Mahmud of Ghazni, upon entering the temple, plundered the idols and shattered the Shiva Linga into pieces. He extensively looted and razed the temple to the ground, plundering 20,000,000 dinars. Remains of the linga were brought to Ghazni, where they were used to make steps at the gate of the Jami Mosque to be trampled by the Muslims going there for their prayers. The campaign thus got Mahmud the title 'The Idol Breaker.'

== Return to Ghazni ==
Triggered by the destruction of the idol, a wave of indignation swept among the Hindus. Mahmud could only stayed 18 days at Somnath. Neighbouring chieftains under Raja Paramdeva of Abu blocked the Ghaznavid army's passage, forcing them to take the passage of the Aravalli hills and the Rann of Kutch. To avoid conflicts, Mahmud took the watery route of Kutch and Sindh. He sacked Miyani on the way. When Bhima I heard the news of Mahmud's approach, he abandoned the fort of Kanthkot. Mahmud captured the fort, plundered it, and left for Ghazni. He then marched to Mansura. Khafif, the Qarmatian ruler, fled across the river and took refuge in a date-palm forest. Then he sent some of his officers after him, who surrounded his camp and put many of his followers to death. Mahmud continued his return while facing numerous attacks from the Jats on the way. On 2 April 1026, he returned to Ghazni. He only had 2,000 soldiers with him. Before leaving Somnath, Mahmud instructed the brother of Bhima II that the temple should be rebuilt.

== Aftermath ==
The news of triumph sent a wave of praise all over the Muslim world, and the delighted Caliph al-Qadir heaped titles and honors on him, his sons, and his brother. Mahmud got the title of Kahfud-Dawlah wa'l-Islām, and Mas'ud was bestowed Shihabu'd-Dawlah wa Jamālu l-Millah, following Jalalud-Dawlah wa Jamalu'l-Millah to Muhammad and Adudu'd-Dawlah wa Muayyidu'l-Millah to Yusuf. After Mahmud's departure Rah Navgan, Bhima I and Bhoja jointly restored the temple.

=== Campaign against the Jats ===

In 1027, Mahmud conducted his sixteenth and last military engagement as a naval attack near the Indus River, where Mahmud of Ghazni inflicted a severe defeat on the Jats, compelling them to retreat with substantial losses.

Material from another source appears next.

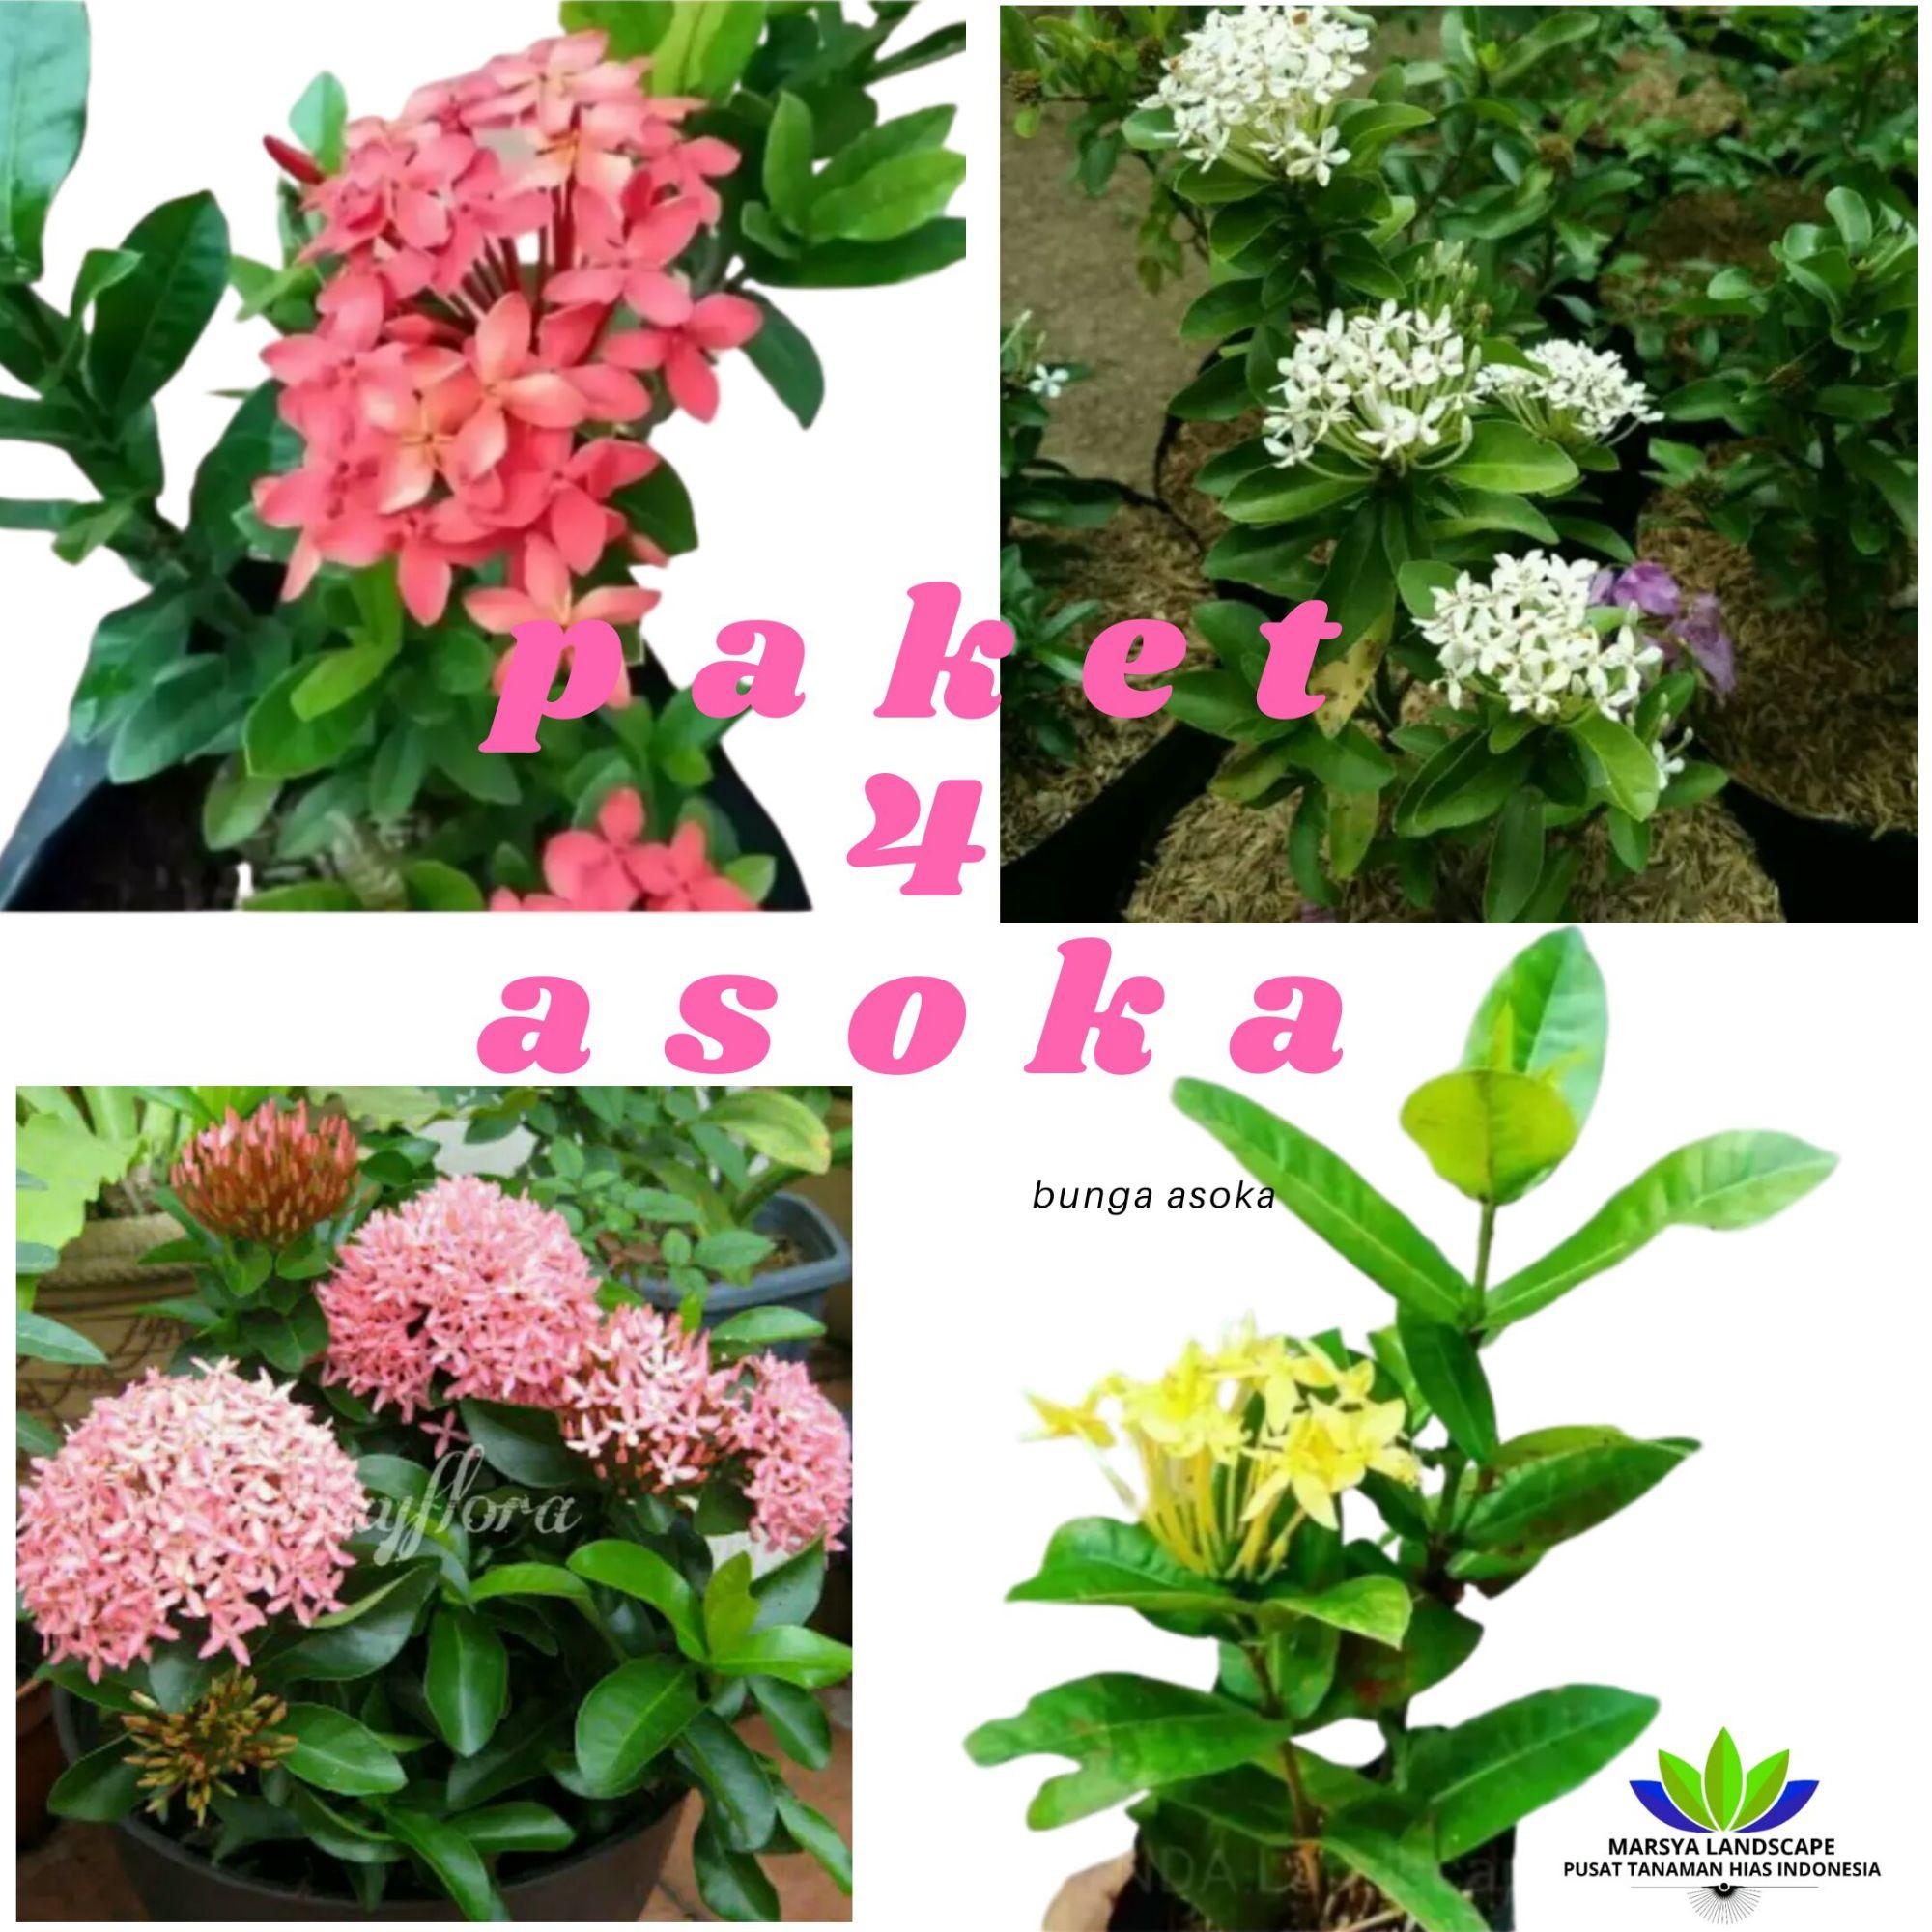 Tanaman Hias Paket Hemat 4 Jenis Bunga Asoka Pink Kuning Merah Putih Lazada Indonesia

== Historiography issues ==
Mahmud's raided Gujarat, plundered the Somnath temple and broke its jyotirlinga. He took away booty of 2 million dinars. The conquest of Somnath was followed by a punitive invasion of Anhilwara. Some historians claim that there are records of pilgrimages to the temple in 1038 that do not mention damage to the temple. However, powerful legends with intricate detail had developed regarding Mahmud's raid in the Turko-Persian literature, which "electrified" the Muslim world according to scholar Meenakshi Jain.

Historians including Thapar, Eaton, and A. K. Majumdar have questioned the iconoclastic historiography of this incident. Thapar quoted Majumdar (1956):
But, as is well known, Hindu sources do not give any information regarding the raids of Sultan Mahmud, so that what follows is based solely on the testimony of Muslim authors.
 Thapar also argued against the prevalent narrative:
Yet in a curiously contradictory manner, the Turko-Persian narratives were accepted as historically valid and even their internal contradictions were not given much attention, largely because they approximated more closely to the current European sense of history than did the other sources.